Enhancing streams with LCEVC enables the delivery of UHD streams at bandwidth typically used for HD video, offering higher quality video with up to 40% bitrate savings and up to 3x faster transcoding. It also enables HDR 10-bit over 8-bit codecs such as h.264 or VP9, and offers a unique reduction of latency jitter thanks to the multi-layer structure inherent in LCEVC. All these benefits can be achieved while keeping average system latency to a minimum. LCEVC’s low-complexity design also enables higher resolutions at sustainable battery consumption, aiding sustainability considerations.

Many of the tech giants including Meta, Google, Microsoft, Apple, Sony and NVIDIA are investing tens of billions of dollars in Metaverse technology, and industry predictions see XR functionality of some kind on most internet destinations and apps within the next 5-10 years. The ability to tackle the data volume challenges will be one of the key factors driving the speed with which the XR meta-universe is brought to fruition; the development and adoption of multi-layer coding standards will materially accelerate the development of high quality and interoperable Metaverse destinations to make it a reality for all.
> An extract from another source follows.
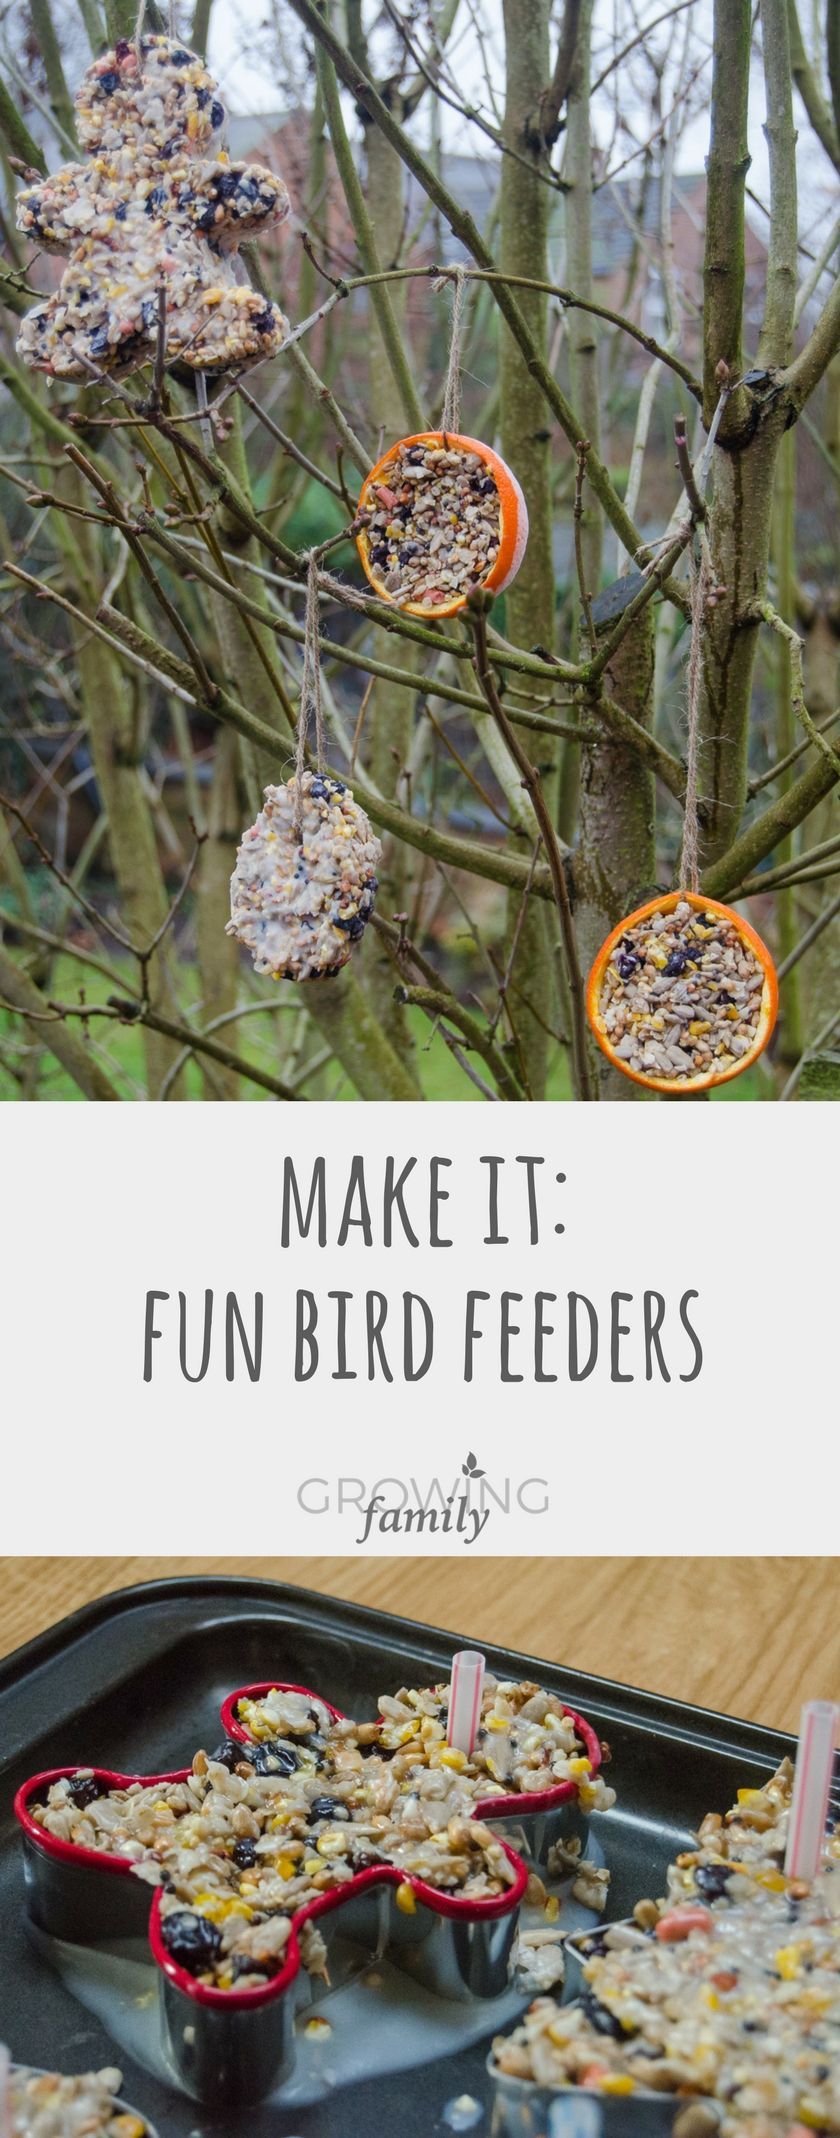 How to make your own homemade bird feeders – a simple and fun nature activity for children which will encourage wild birds to

Guido Meardi is CEO of V-Nova. Guido is a former senior Partner at McKinsey, where he was head of the Organization and Operations Practices of the Mediterranean Complex. He has a breadth of business experience and access to senior executives in a variety of industries and geographies, with well-established experience in telecoms, technology, healthcare, insurance, aerospace and defense. He led transformational projects in all continents and was instrumental in setting up some of McKinsey’s own innovation-related business-building activities. Guido is also a serial entrepreneur and angel investor, with many previous business ventures and half a dozen exits. Having retained his engineering expertise, he contributed to the foundational development work for V-Nova’s core technology and is a joint inventor of a number of essential aspects of the technology as well as of several of its latest developments, with over 200 patents co-authored and filed. Guido holds an MBA from MIT Sloan, where he was a Siebel Scholar, and an M.Sc. in Computer Engineering from Politecnico di Milano, where he was an Intel scholar, and the University of Texas at Austin.